I have a query that does a clustered index scan on a very large table, the scan is causing timeouts in some scenarios. Need help understanding why it is not using the defined nonclustered indexes.
Here is the query:
DECLARE @StartDate datetime = '2023-03-16 00:00:00';
DECLARE @TerminalIds [dbo].[udtBigInt]; -- user defined table with a BIGINT col
INSERT INTO @TerminalIds ([Id])
SELECT [EquipmentId]
FROM #mechanicsTerminal;
SELECT [DataRecId]
, [RawData]
, [RecordingTime]
, [EquipmentId]
FROM [dbo].[Data]
WHERE [EquipmentId] IN (SELECT [Id] FROM @TerminalIds)
AND [RecordingTime] >= @StartDate
ORDER BY [DataRecId] DESC
OFFSET 0 ROWS FETCH NEXT 50 ROWS ONLY;
Here is table definition:
CREATE TABLE [dbo].[Data](
[DataRecId] [bigint] IDENTITY(1,1) NOT NULL,
[RawData] [nvarchar](max) NOT NULL,
[CreatedDateUTC] [datetime] NOT NULL,
[RecordingTime] [datetime] NOT NULL,
[EquipmentId] [bigint] NOT NULL,
[DataSetId] [uniqueidentifier] NULL,
[SourceType] [nvarchar](50) NULL,
[Name] [nvarchar](100) NULL,
PRIMARY KEY CLUSTERED ( DataRecId] ASC)
GO
ALTER TABLE [EJ].[Data] WITH CHECK ADD CONSTRAINT [chk_Data_RawData] CHECK ((isjson([RawData])=(1)))
GO
Here are the indexes:
CREATE INDEX [nc_Data_DataSetId_includes]
ON [dbo].[Data] ( [DataSetId] ) INCLUDE ( [DataRecId], [RawData], [RecordingTime]);
GO
CREATE INDEX [nc_Data_EquipmentId_includes]
ON [dbo].[Data] ( [EquipmentId] ) INCLUDE ( [DataSetId], [RawData]);
GO
CREATE INDEX [nc_Data_EquipmentId_RecordingTime_Name_includes]
ON [dbo].[Data] ( [EquipmentId], [RecordingTime], [Name] ) INCLUDE ( [DataRecId], [RawData]);
GO
Here is the actual execution plan:
https://www.brentozar.com/pastetheplan/?id=B1oq7TDD3
With this particular data, the query executes sub-second.
However there is a scenario where there is only three records in @TerminalIds
, but no matching records in [dbo].[Data]
, the query never finishes.
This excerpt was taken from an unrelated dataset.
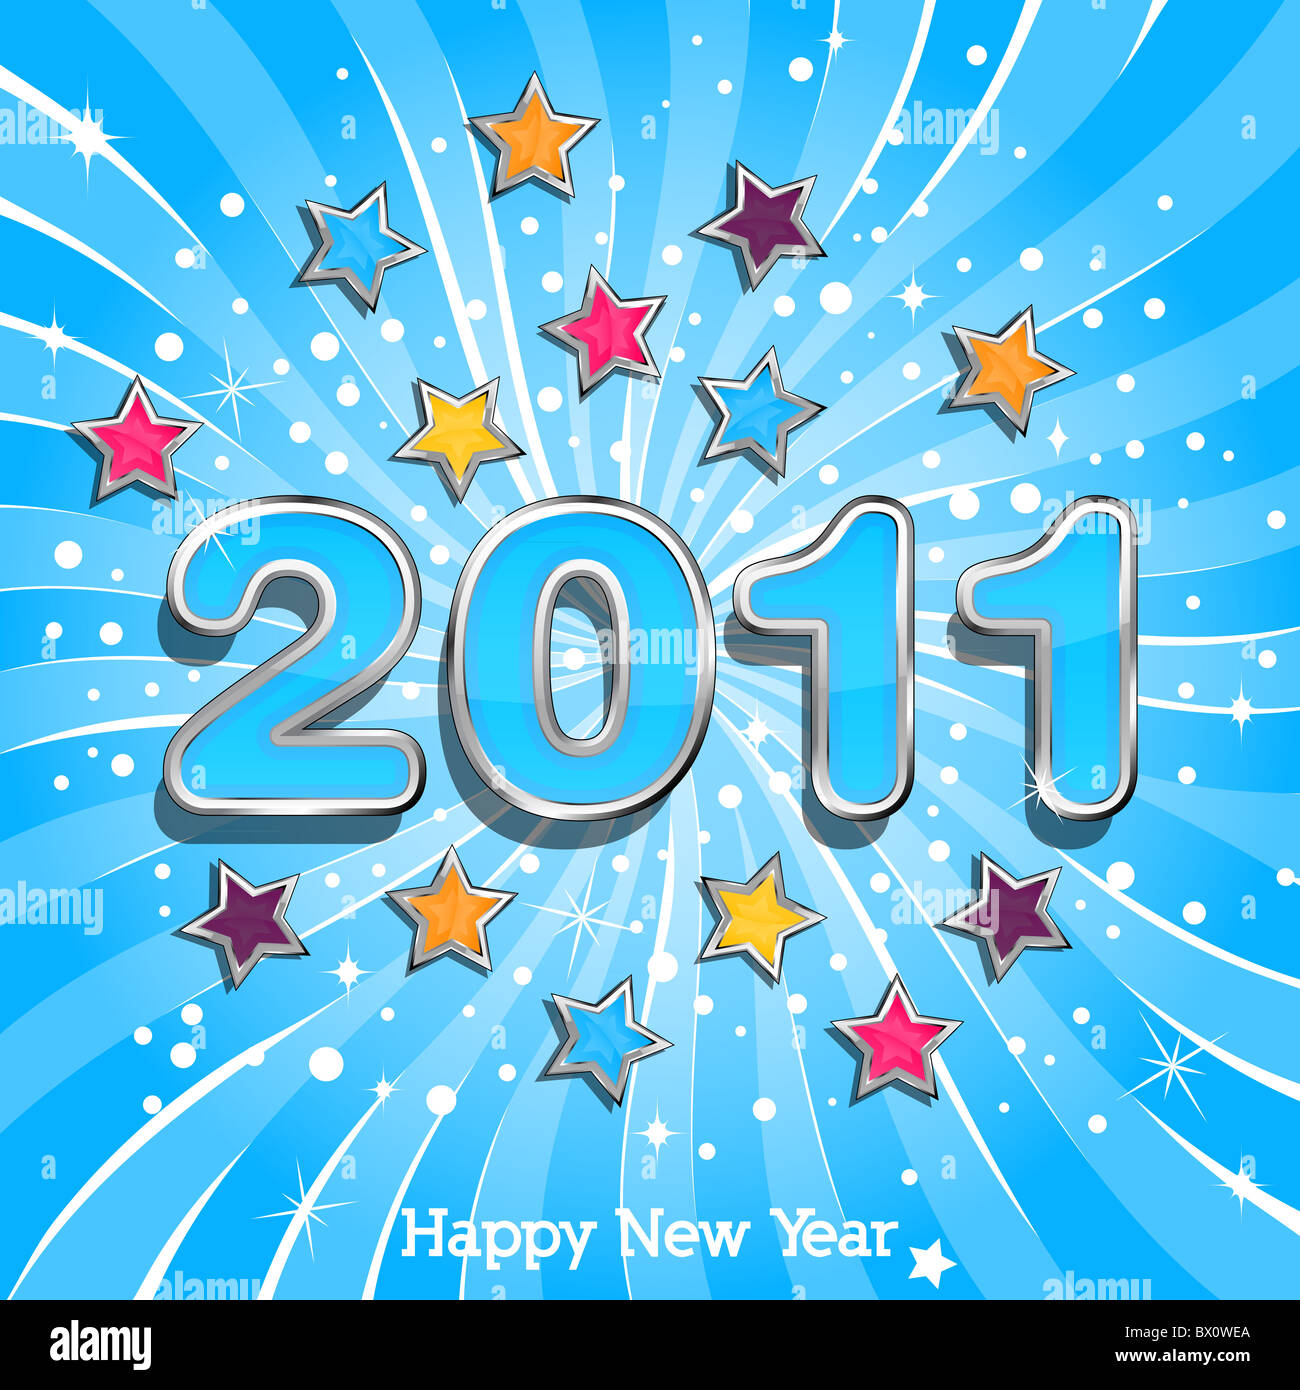 New Year 2011 background Stock Photo

Here is the plan after 45 sec has passed.
https://www.brentozar.com/pastetheplan/?id=rJJMRavDn
What I've tried:
- Updating stats and recompiling the main proc
- Doing
INNER JOIN
on@TerminalIds
instead of doing subquery withIN
clause
1 Answer 1
The problem is that you are using an inequality on RecordingTime
, but an OFFSET FETCH
ordered by DataRecId
. The server seems to think that this ordering is more important, and will reduce the rows quicker, so it resorts to scanning the primary key index in the hope it will find the 50 rows quickly.
You can probably force it to read the nc_Data_EquipmentId_RecordingTime_Name_includes
index instead, by rewriting your query like this
SELECT DataRecId
, RawData
, RecordingTime
, EquipmentId
FROM (
SELECT TOP (1000000000) *
FROM dbo.Data
WHERE EquipmentId IN (SELECT Id FROM @TerminalIds)
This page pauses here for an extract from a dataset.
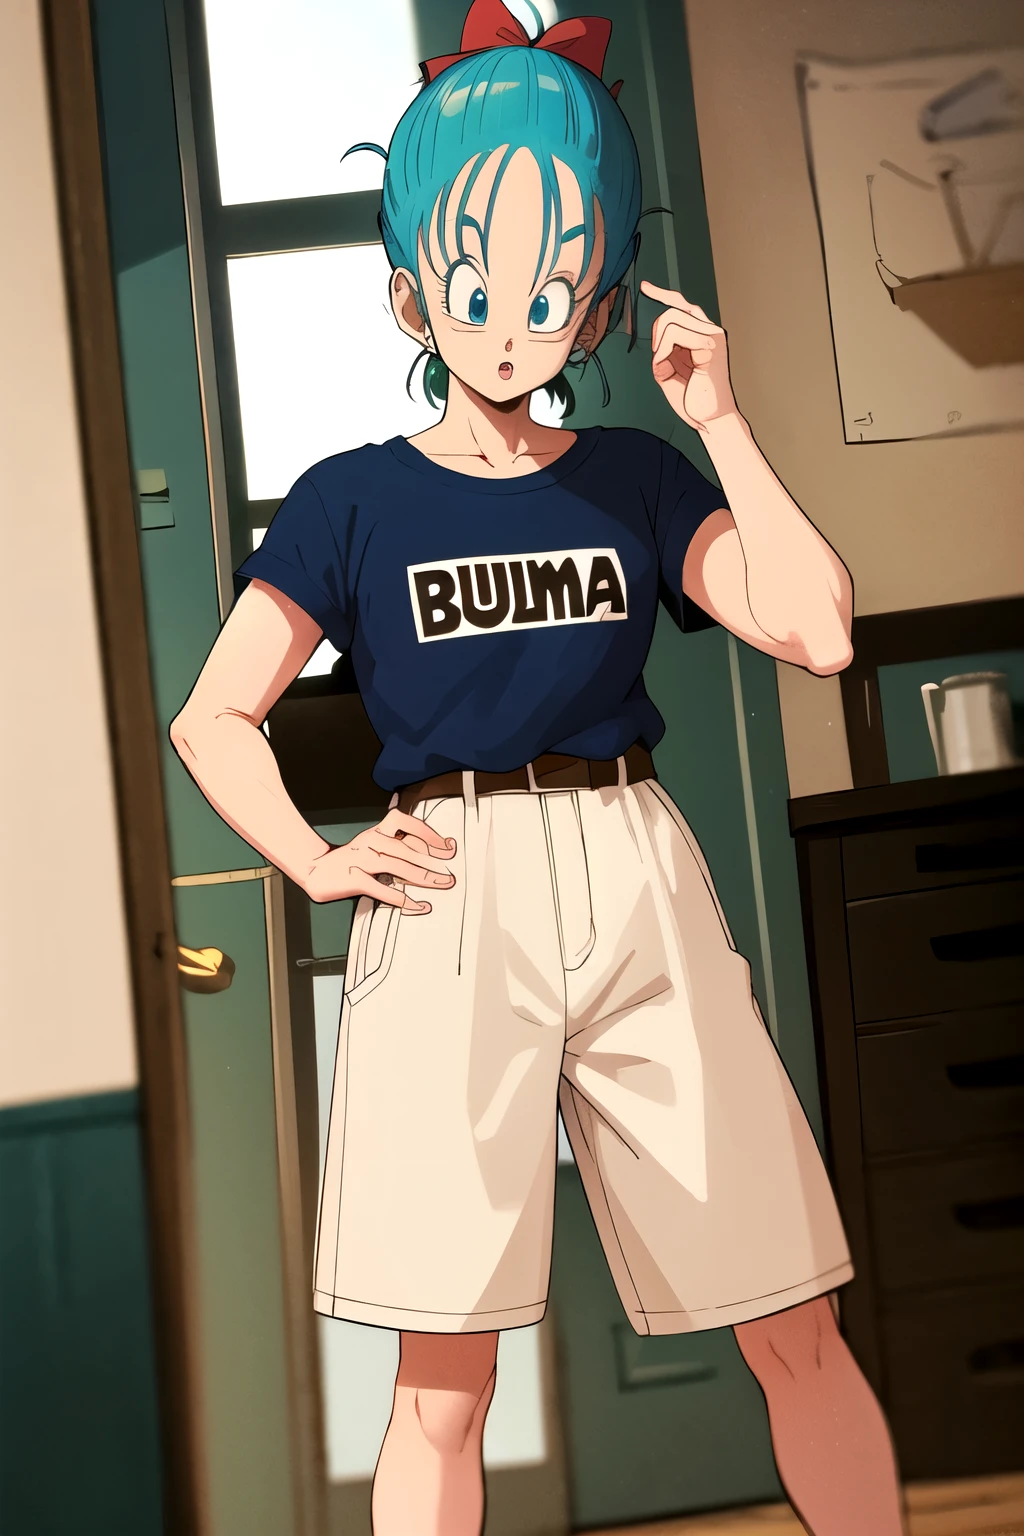 Bulma avec les vêtements de Goku

AND RecordingTime >= @StartDate
ORDER BY
EquipmentId,
RecordingTime
) t
ORDER BY DataRecId DESC
OFFSET 0 ROWS FETCH NEXT 50 ROWS ONLY;
Assuming, as I suspect, you are using an ORM such as Entity Framework, you probably want something like this
context.Data
.Where(d => TerminalIds.Contains(d.EquipmentId) && d.RecordingTime >= StartDate)
.OrderBy(d => d.EquipmentId)
.ThenBy(d => d.RecordingTime)
.Take(1000000000)
.OrderByDescending(d => d.DataRecId)
.Take(50)
If you can remove the requirement to sort by DataRecId
in the first place then you will probably significantly improve the chances of the correct index being selected.
You should also add a primary key to the Table Type. This will remove the Sort and Spool from the plan.
DROP TYPE dbo.udtBigInt;
CREATE TYPE dbo.udtBigInt (Id bigint PRIMARY KEY);
-
This is written in dynamic sql via stored proc. We default to ordering by the Primary key since it is same order as RecordingTime. However when we change the default to sort by RecordingTime, it did improve performance drastically, now it is sub-second, although with a parallelism plan, it is now using the nc index.Greg– Greg2023年06月15日 13:58:51 +00:00Commented Jun 15, 2023 at 13:58
ORDER BY [DataRecId] DESC
can you order byRecordingTime
instead?